- Lankreshipora Location in Jammu and Kashmir, India Lankreshipora Lankreshipora (India)
- Coordinates: 34°23′52″N 74°38′20″E﻿ / ﻿34.3977°N 74.6390°E
- Country: India
- Union Territory: Jammu and Kashmir
- District: Bandipora

Languages
- • Official: Kashmiri, Urdu, Hindi, Dogri, English
- Time zone: UTC+5:30 (IST)
- PIN: 193502

= Lankreshipora =

Lankreshipora is a moderate size village located almost 2.5 km from main Bandipora town in the Indian union territory of Jammu and Kashmir. It is an industrial area situated on the banks of Wular Lake and a canal called Mudhmati Nala. Almost forty percent of the population is directly or indirectly associated with local band saw industries. Lankreshipora is known to supply raw material like wooden boxes for fruit packaging mostly to South Kashmir districts like Anantnag, Kulgam, Pulwama. Most people are dependent on fishing, carpet weaving and other handicrafts. Lankreshipora has been ignored by the local politicians from decades due to which it is one of the most underdeveloped villages in the whole district. The literacy rate is almost below 20 percent, however, the new generation is showing promise both in education and sports. Lack of education, sanitary and medical facilities are evident.

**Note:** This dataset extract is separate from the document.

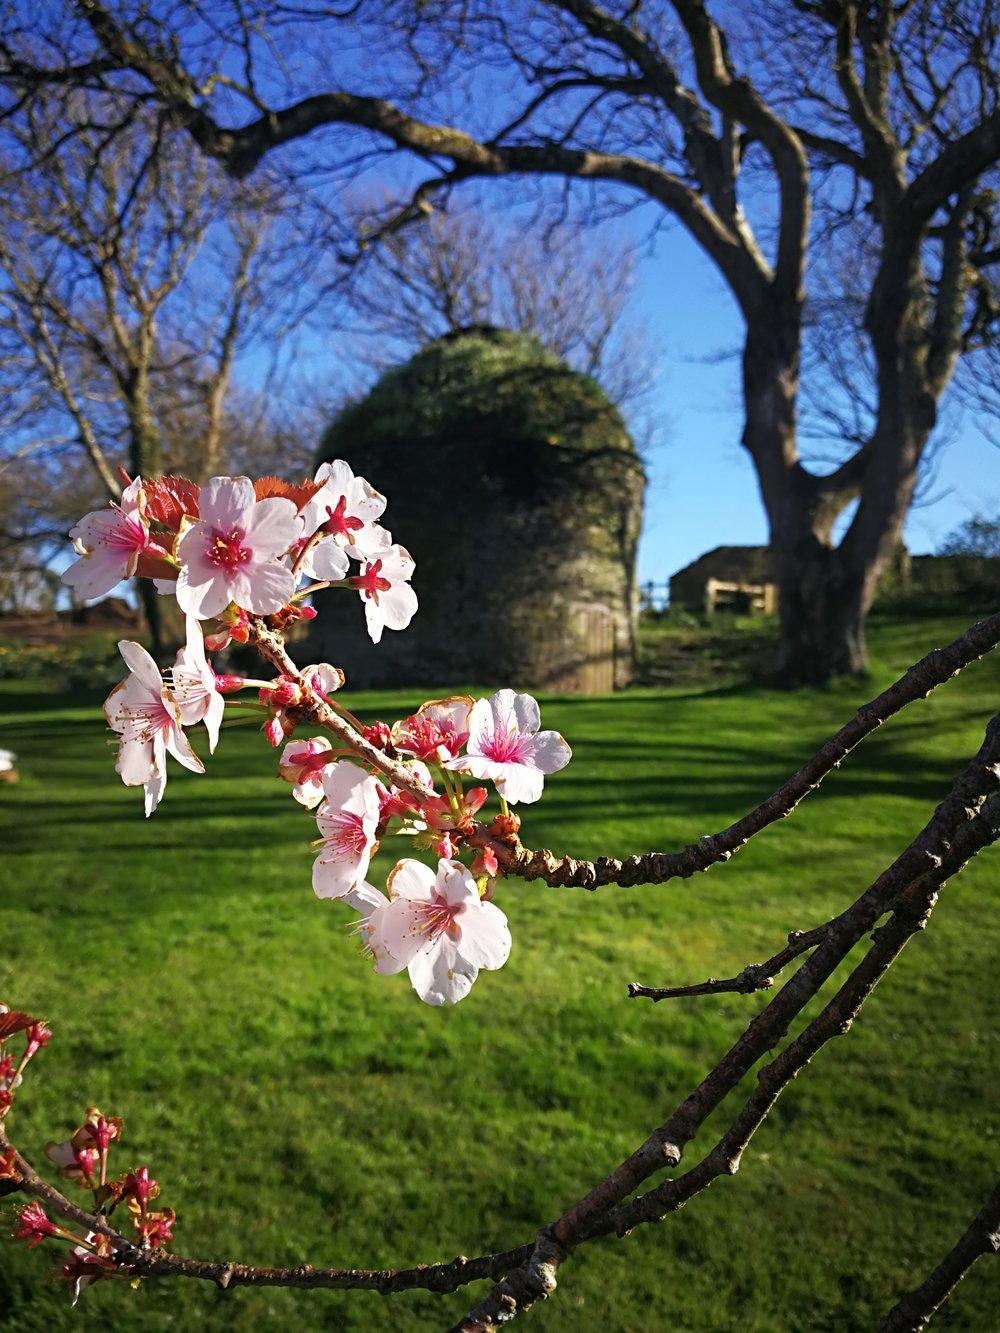 SpringCornwall.jpg
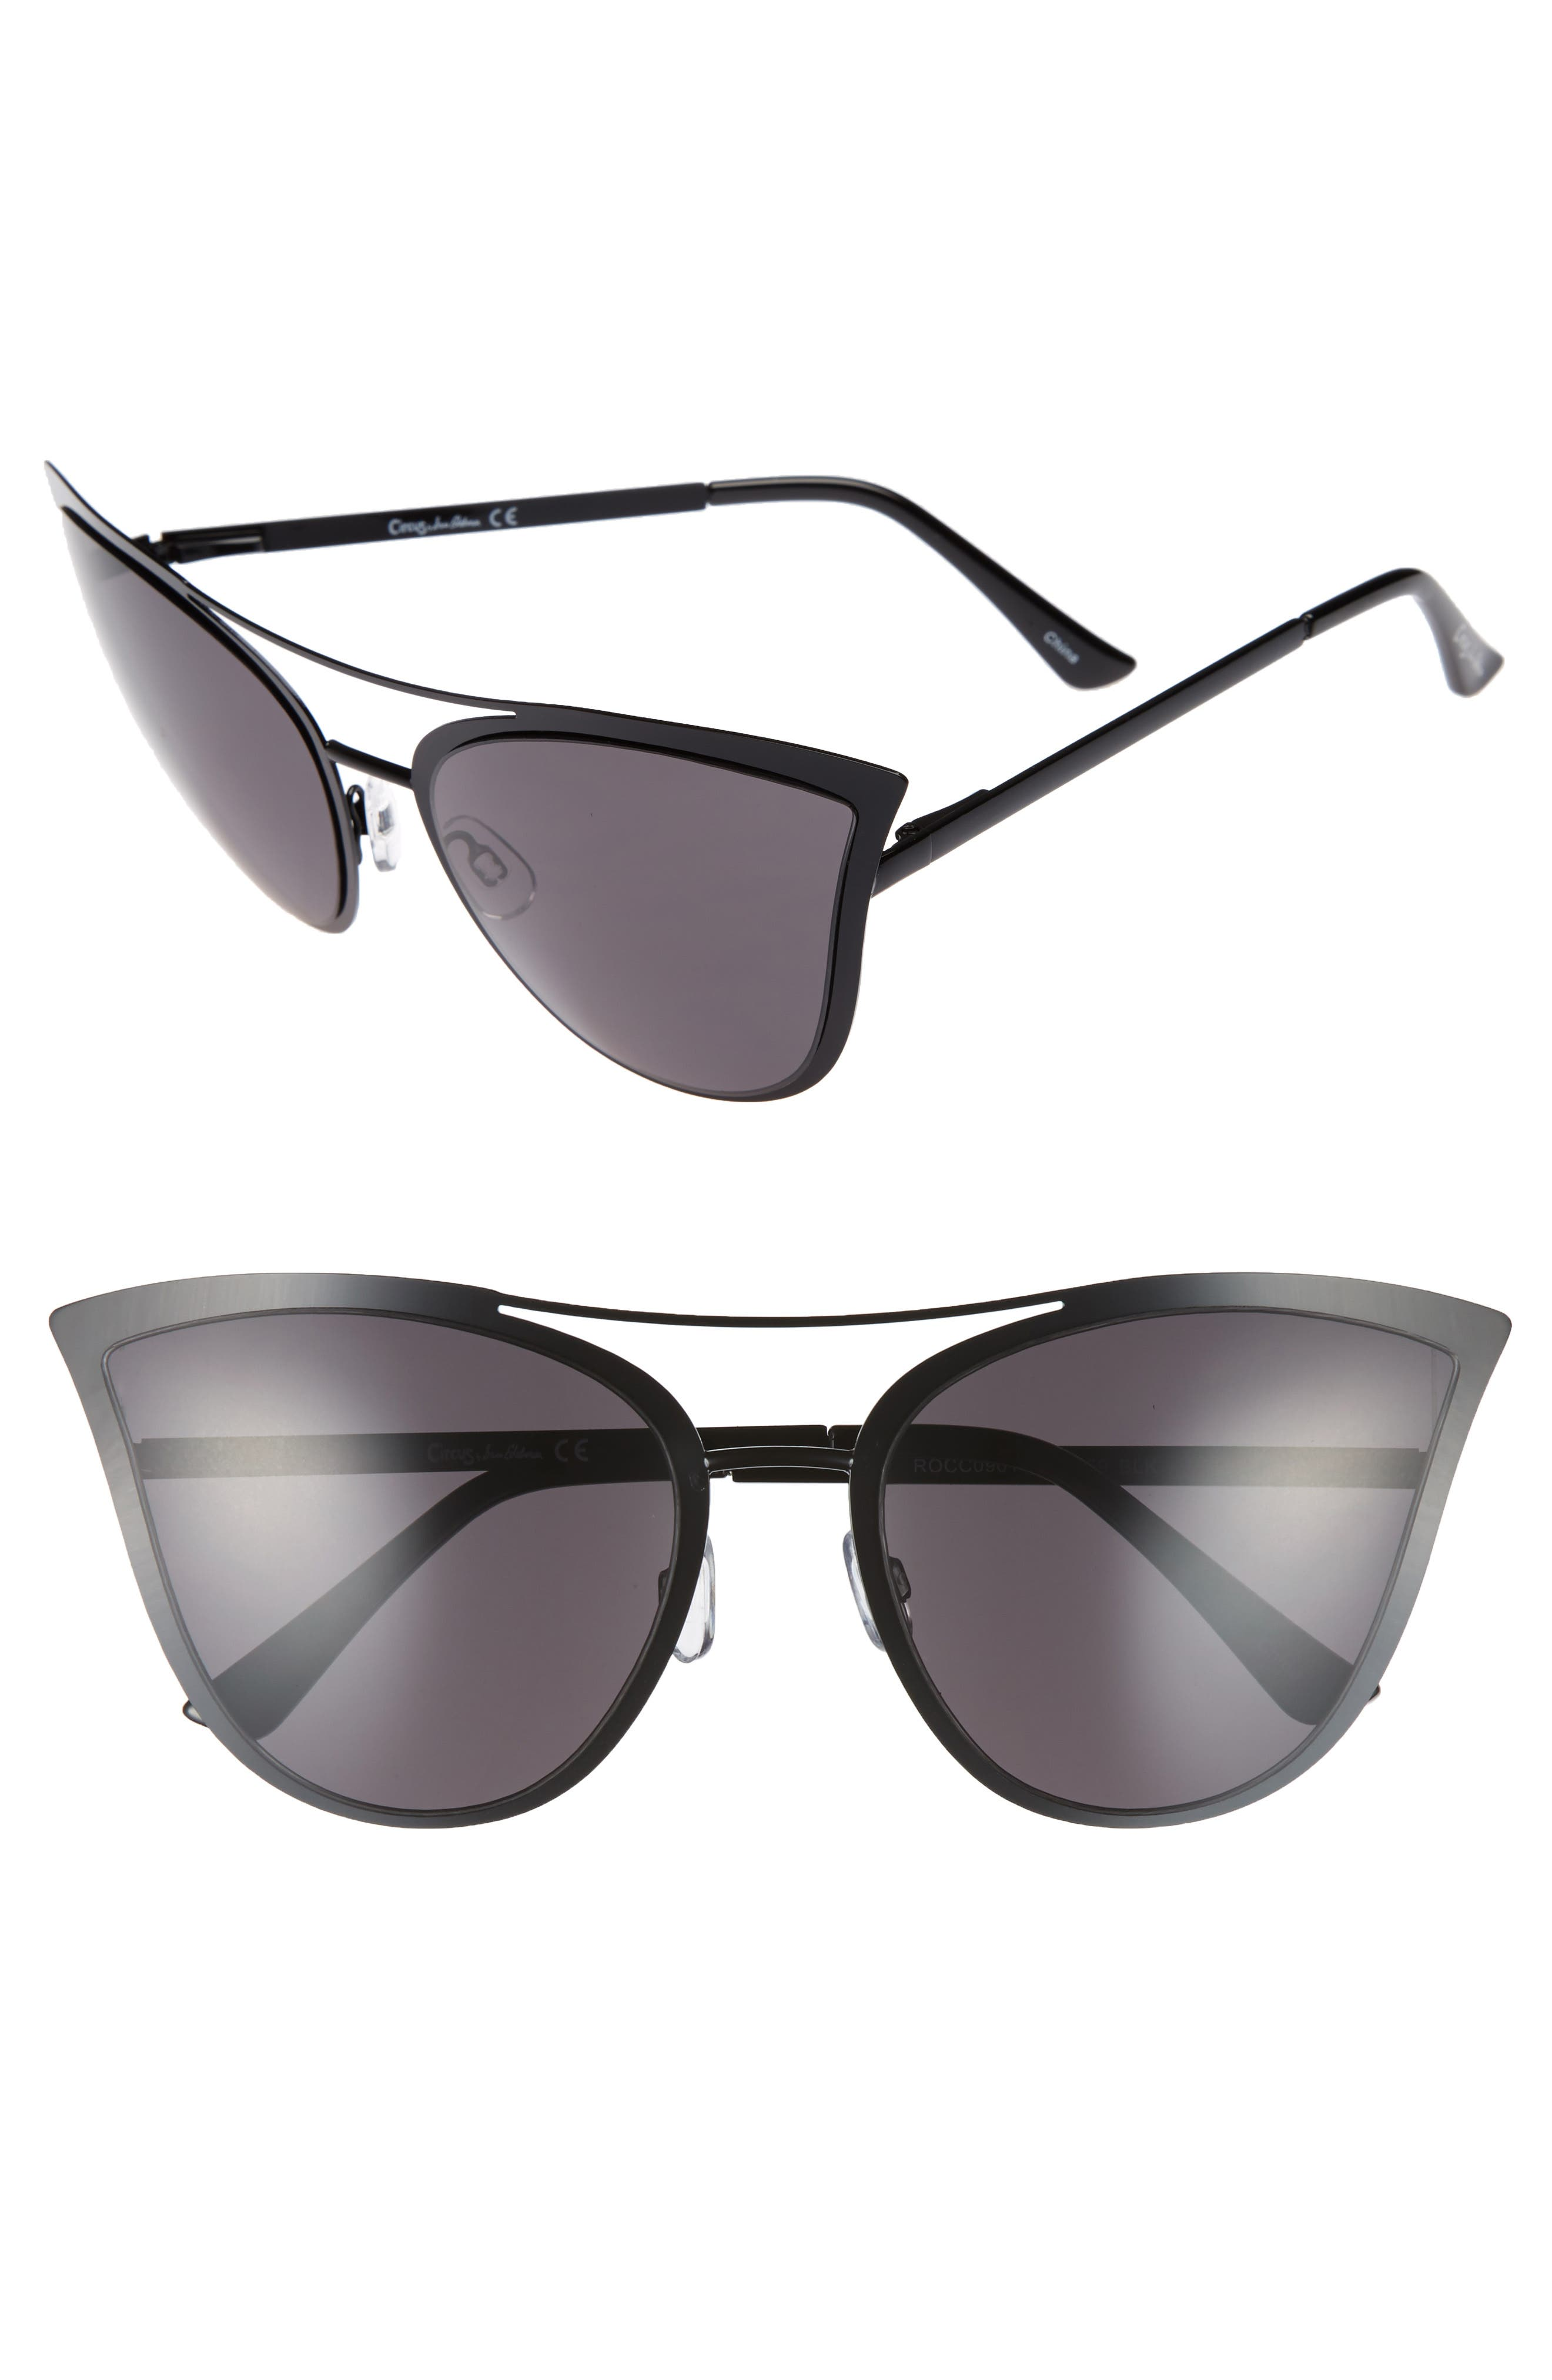 61mm Metal Cat Eye Sunglasses,                             Main thumbnail 1, color,                             001

The village got its name from Zain-Lank, a small island in the centre of Wular Lake built by the famous Kashmiri saint Zain-ul-Abedin. The village is divided into several mohallas like Khan Mohalla, Reshi Mohalla, Khar colony, Pomposh Colony, Bani Mahal, Heri Mahal etc. There is only one middle school in the whole village with a very low teacher to student ratio, lacking all the basic facilities and is currently in a very dilapidated condition. Being situated at the banks of Wular, small spells of rain bring devastating floods and submerge the whole village. People generally are poor and middle-class but are known for their courage and hospitality.